Este 23 de enero no ha tocado a las Fuerzas Armadas, ha mantenido incólume el resquebrajado poder de la tiranía, no ha terminado por asentar un nuevo sistema de gobierno y ni siquiera ha osado desalojar al tirano del palacio presidencial. Ha aceptado una vil forma de connivencia, tolerada e incluso promovida por los sectores políticos dominantes en la Asamblea Nacional, que apuestan, es nuestra percepción, a la integración de lo que he llamado “la sexta república”, un híbrido monstruoso de cuarta y quinta república.

Cunde la certeza de que los partidos dominantes en la Asamblea Nacional no están satisfechos del paso dado por su presidente al aceptar, finalmente y luego de un largo trecho de titubeos, juramentarse como presidente interino de la República.
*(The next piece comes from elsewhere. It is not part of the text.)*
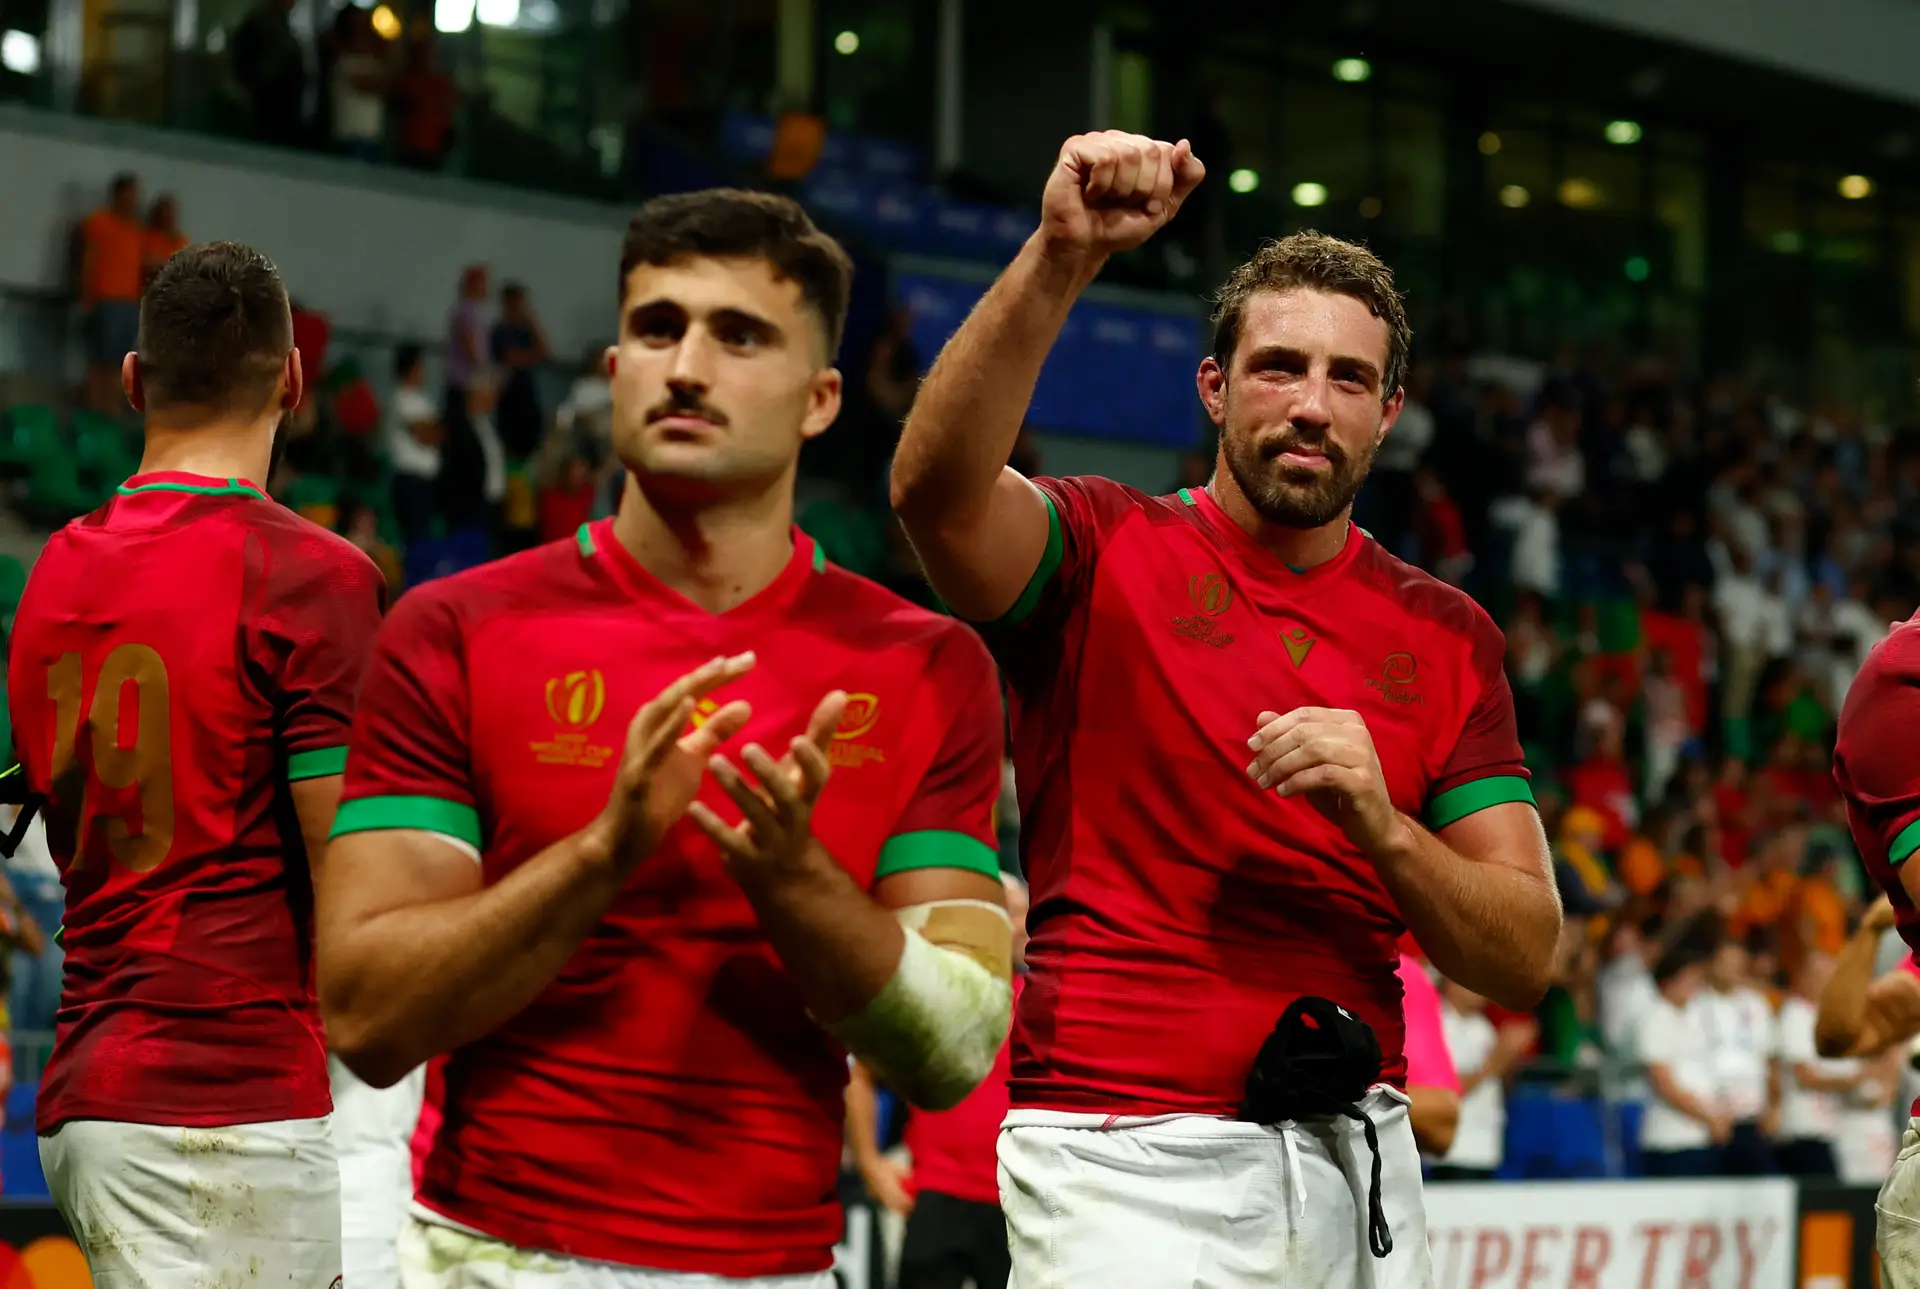 Portugal empata pela primeira vez no Mundial de râguebi - Renascença

Y se acrecienta la percepción de que quisieran comenzar por acortarle su período de gobierno y sacarlo del camino mediante la interesada manipulación del 233. Leguleyerías y tinterilladas que dejan intocado el problema de fondo: la necesidad urgente e imperiosa de desalojar del poder al tirano, poner en su sitio a las Fuerzas Armadas, destituir a Vladimir Padrino y a todo su alto mando, así como a todo el cuerpo ejecutivo, destituir a todo el cuerpo diplomático, nombrar un canciller, definir al equipo económico encargado de la reconstrucción y comenzar a ejercer el poder asumiendo la soberanía de la República.
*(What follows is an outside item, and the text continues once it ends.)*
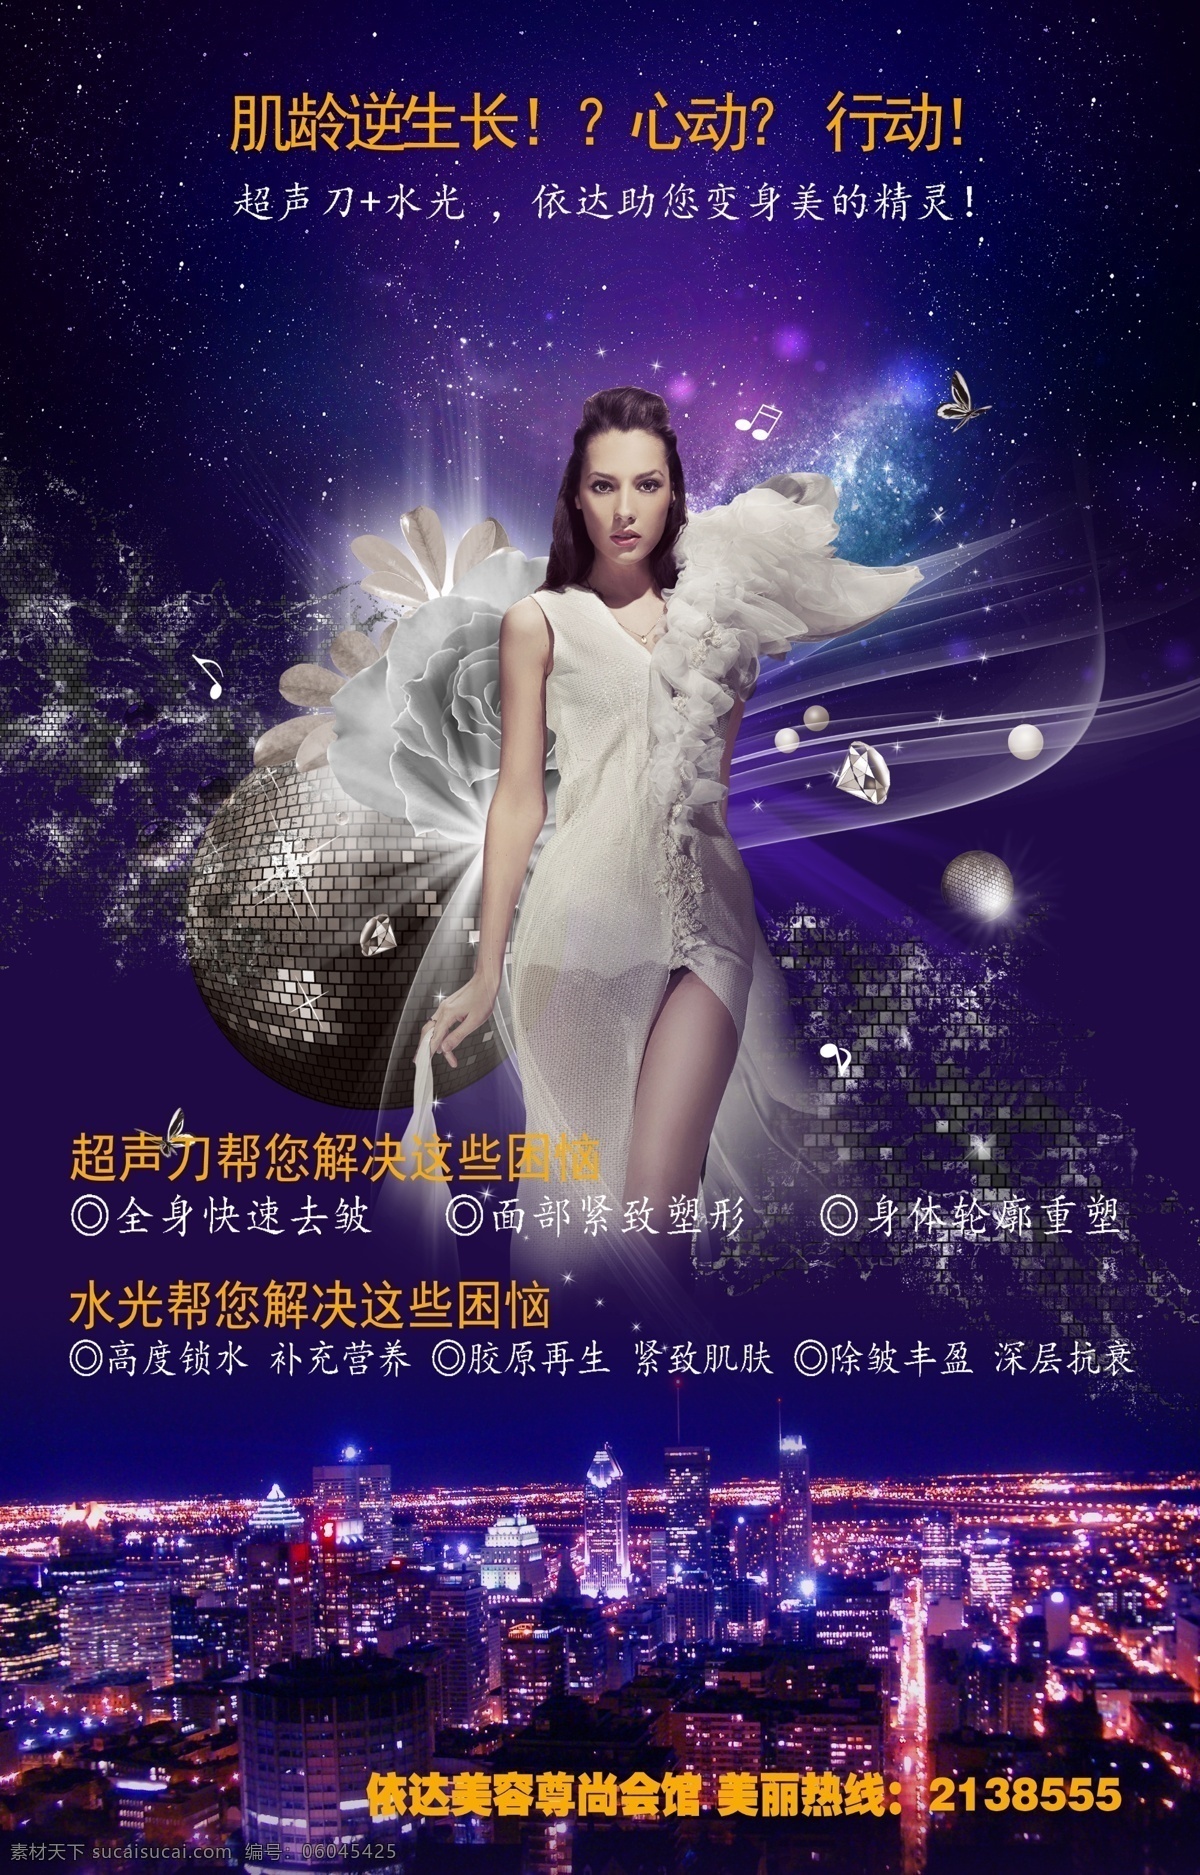 超声 刀 水光 项目 宣传海报 华丽 美女 夜景 超声刀 项目宣传 海报

Ni siquiera se observa el respaldo pleno y absoluto de Leopoldo López a su pupilo Juan Guaidó, como cabría esperar, ni muchísimo menos la promulgación de una amnistía que termine poniéndolo en libertad a él, en primer lugar, y a todos nuestros presos políticos;  rehabilite a todos los inhabilitados y permita el regreso a la patria de todos nuestros políticos exiliados. En el colmo de la aceptación de este obsceno estado de cohabitación y concupiscencia, en vez de asumir el control de nuestro sistema exterior, la Asamblea Nacional ha decidido nombrar a sus paniaguados, familiares y amigotes que han huido del país, se han sumado a la estampida o se han acomodado a la vida sin restricciones de otras sociedades para que representen a este cuasi gobierno en el exterior. Así, quienes menos derecho tendrían de ser embajadores de la Venezuela liberada se ven gratificados con el estatus especial de la diplomacia.

Temo por el desgaste de nuestras fuerzas y el agotamiento de la buena voluntad internacional. Temo por nuestros cien años de soledad.